• What you have to do:
Set down the data below without change, skipping the pictures it holds.

• Available data:

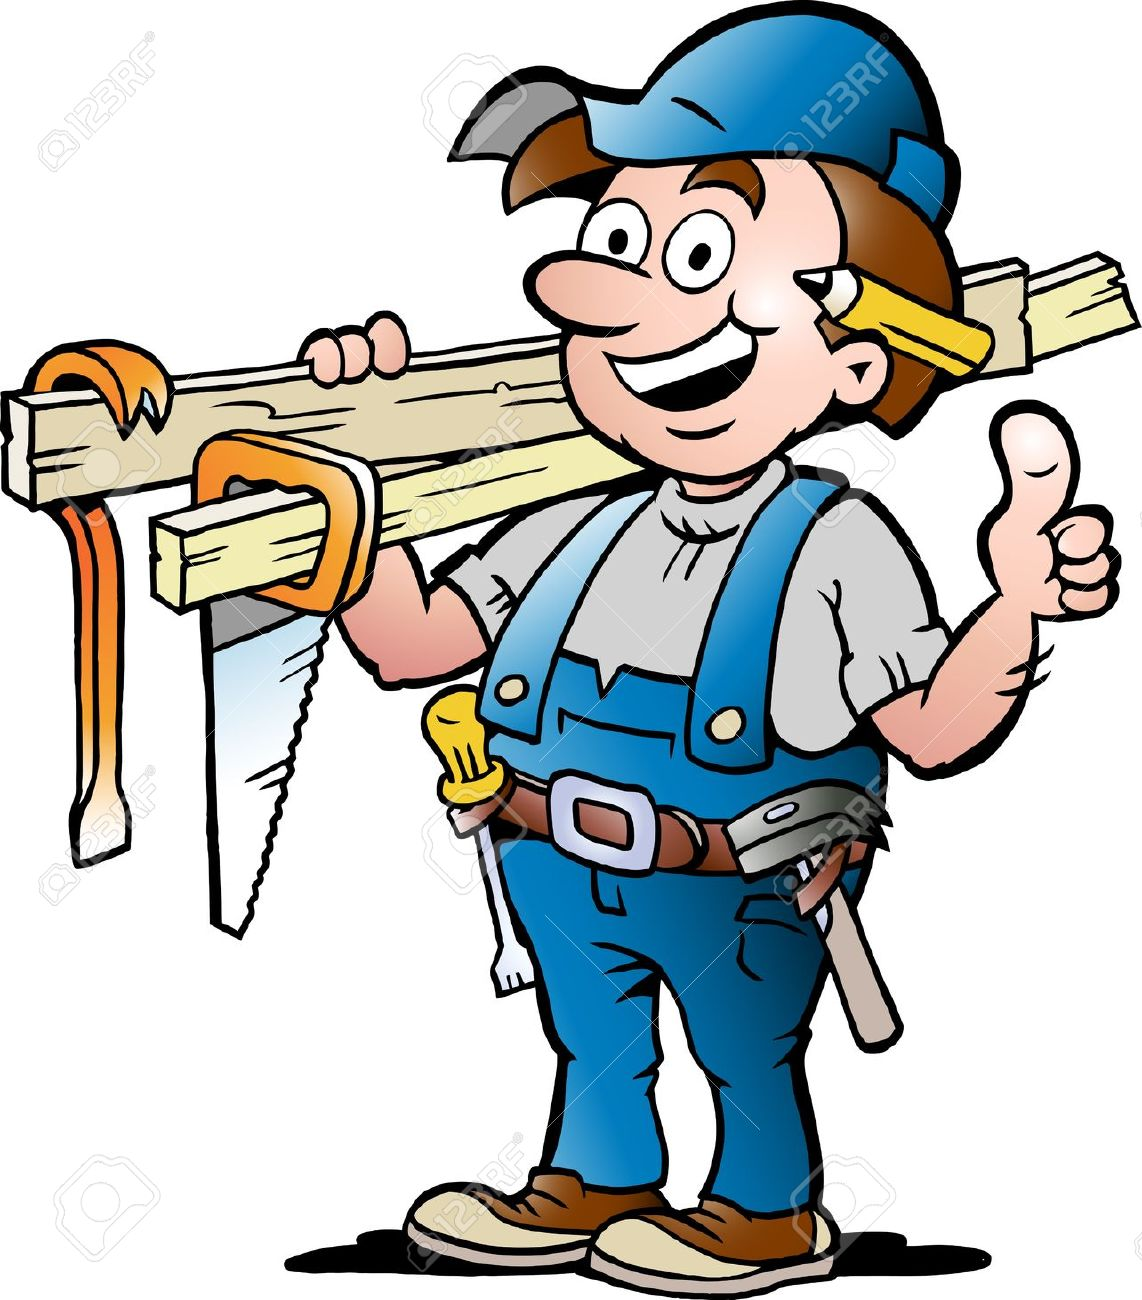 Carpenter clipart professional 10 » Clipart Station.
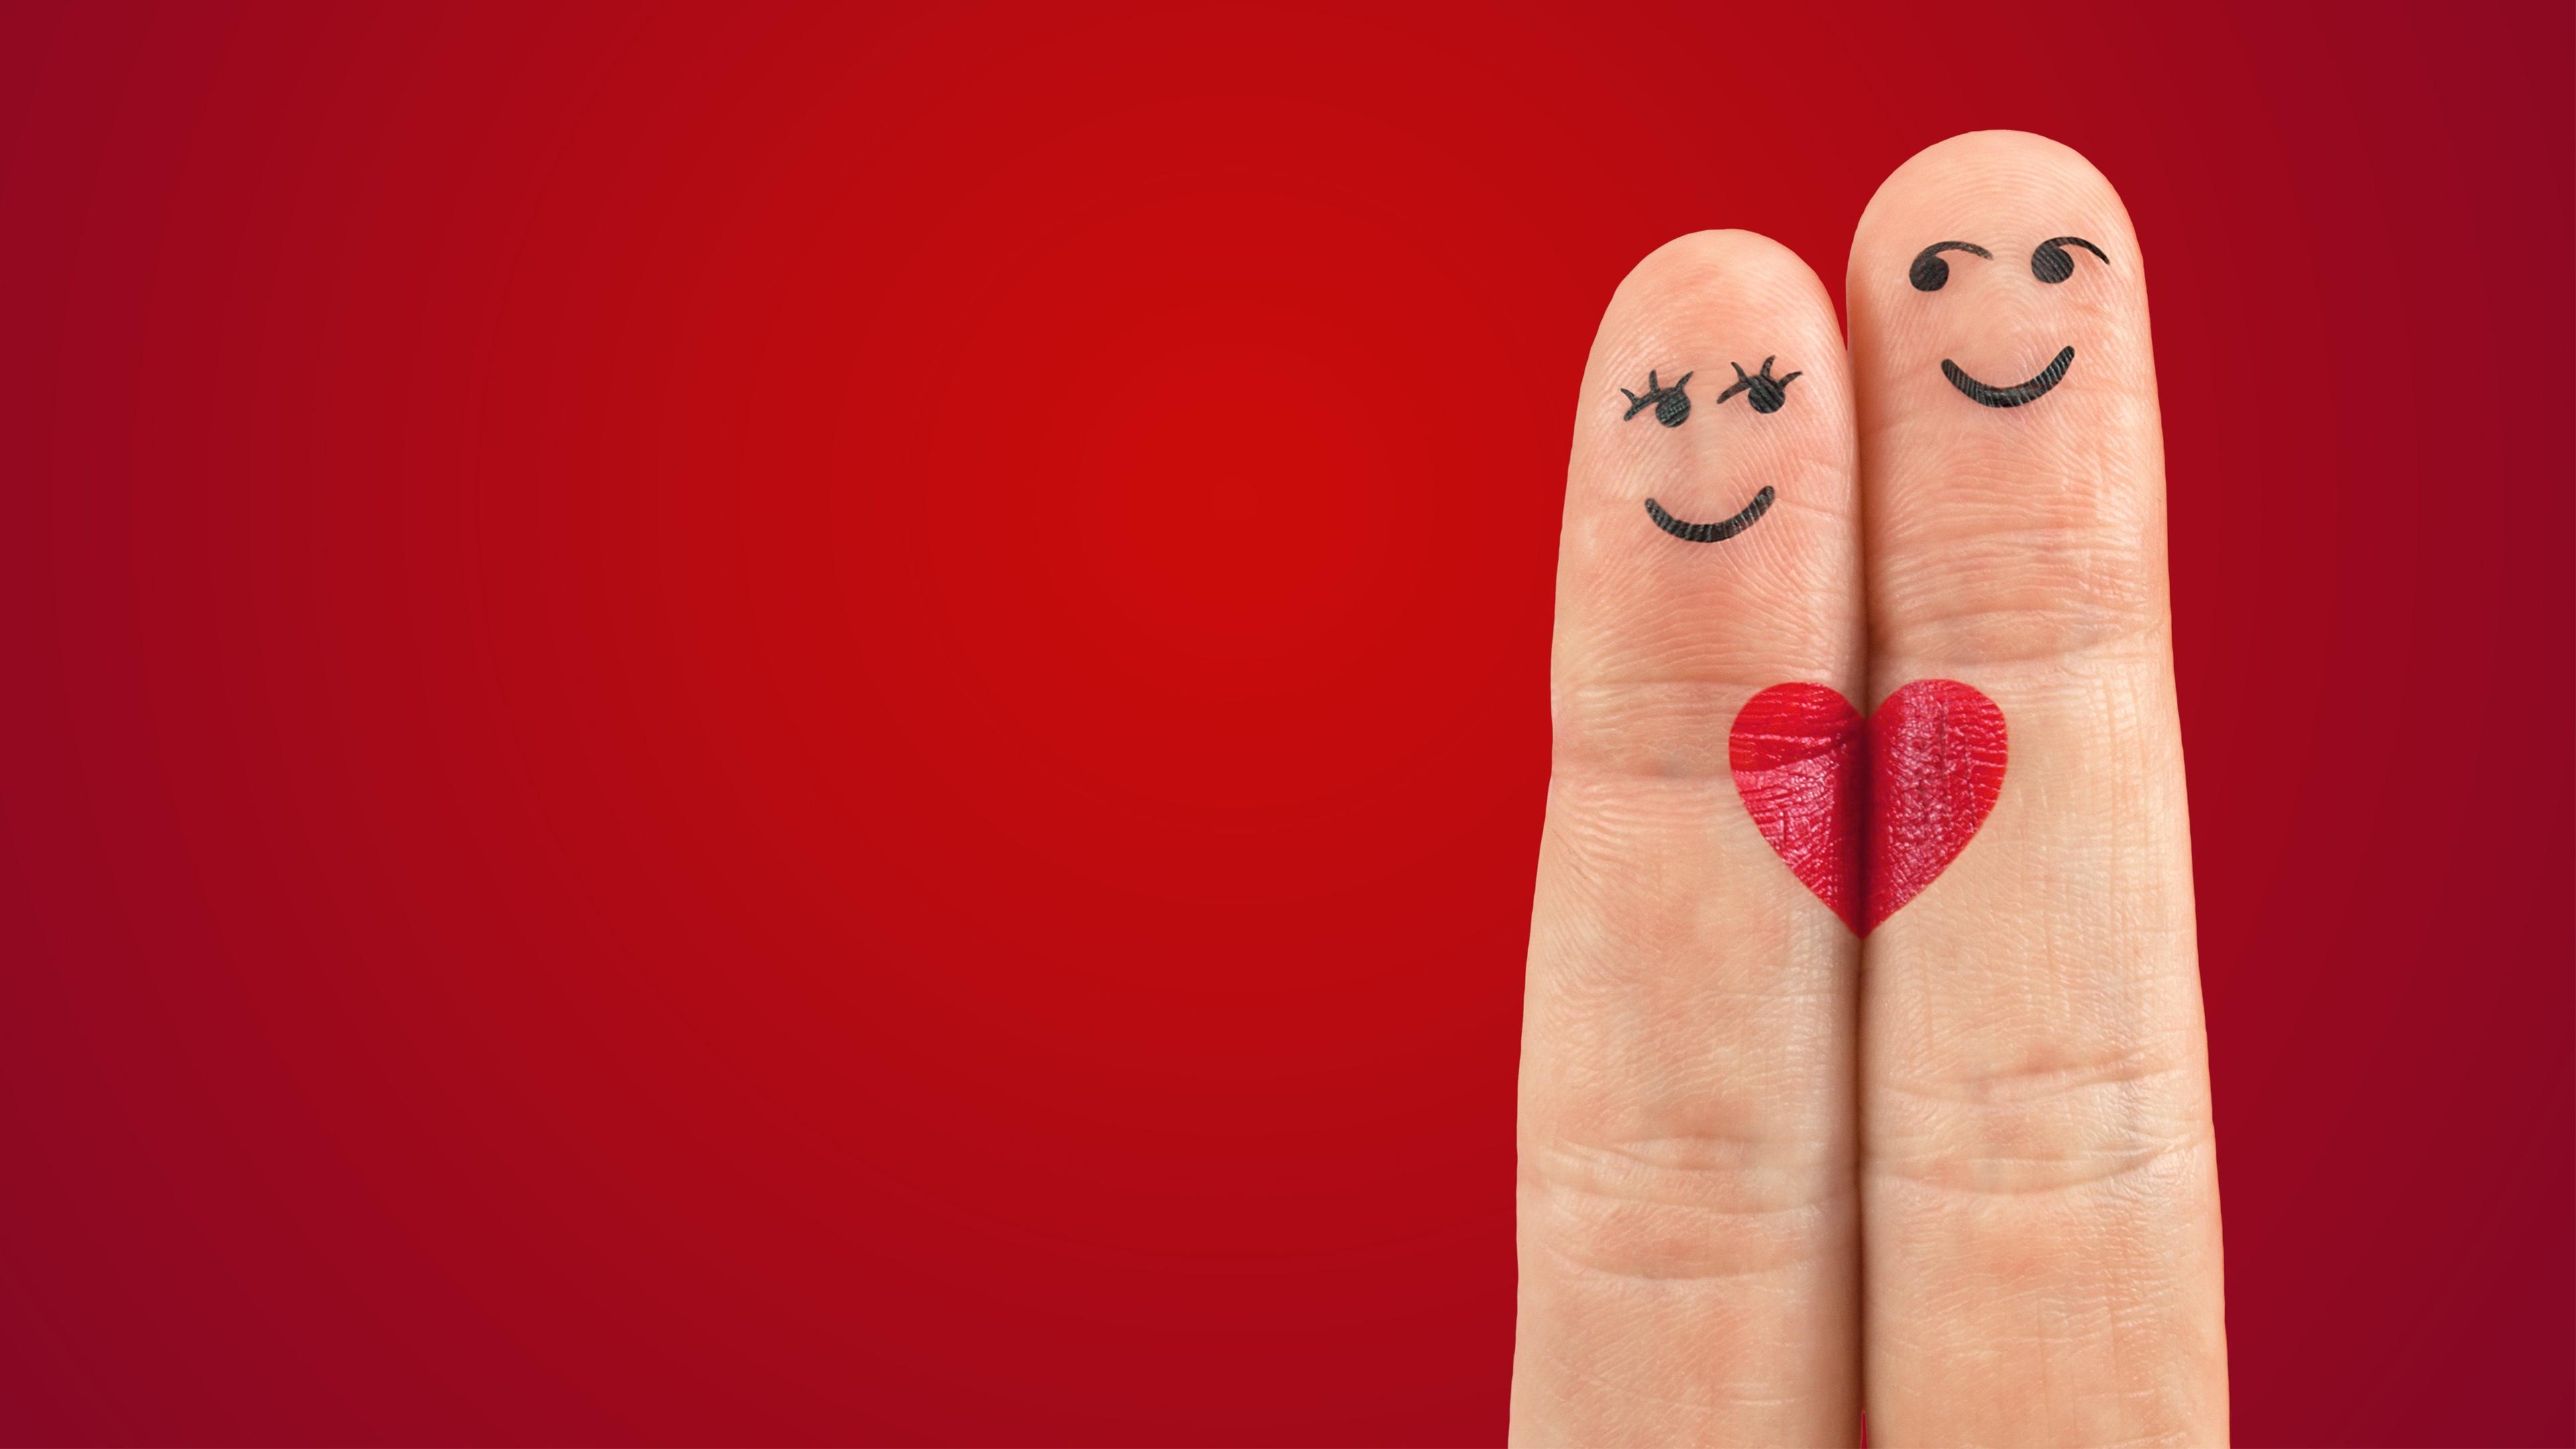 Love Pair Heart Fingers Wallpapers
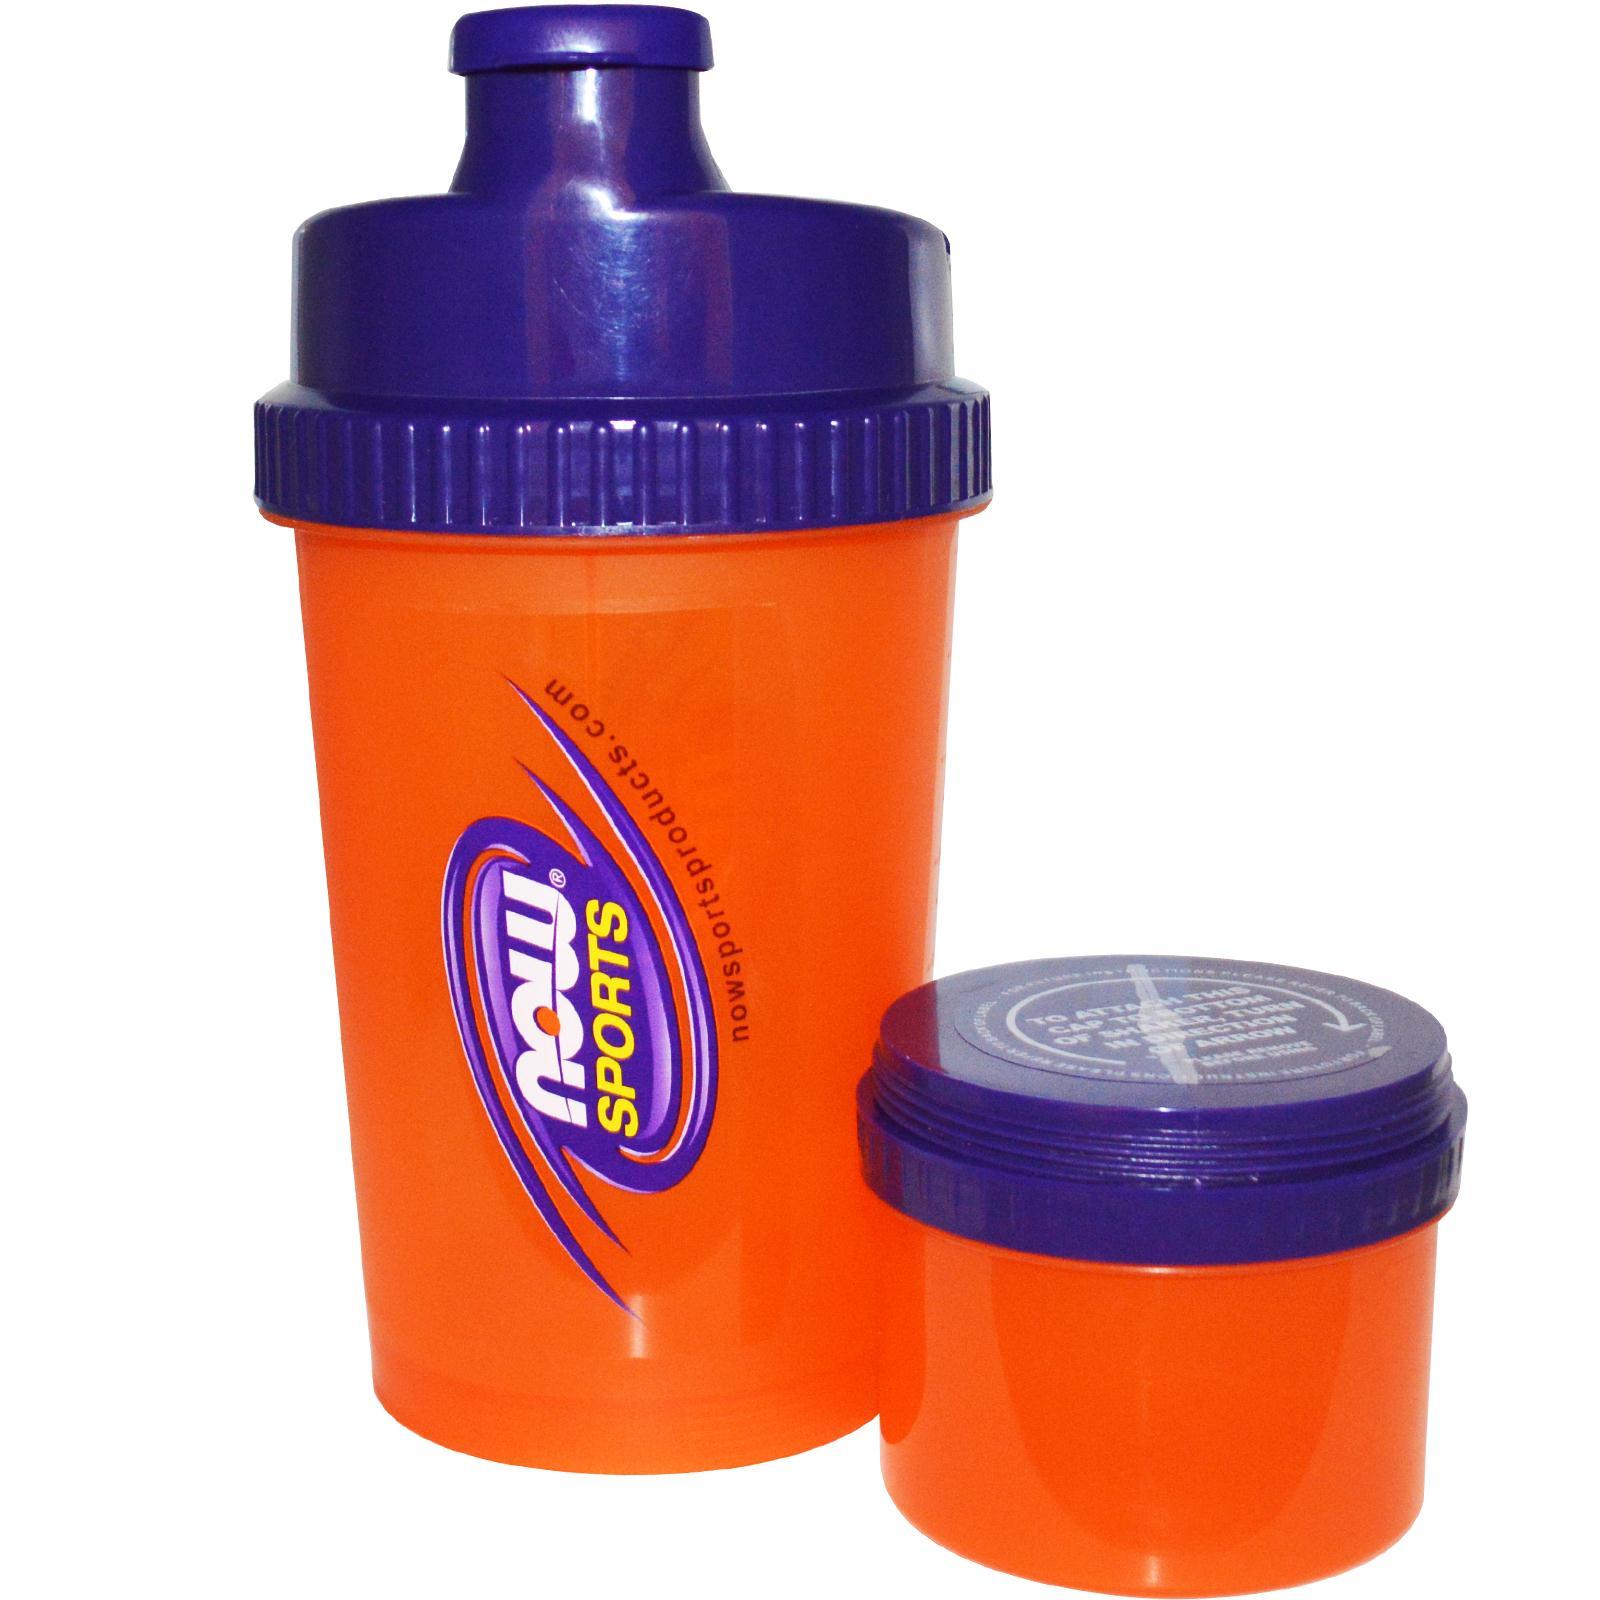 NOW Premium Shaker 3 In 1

• Output of the exercise:
 Carpenter clipart professional 10 » Clipart Station.
 Love Pair Heart Fingers Wallpapers
 NOW Premium Shaker 3 In 1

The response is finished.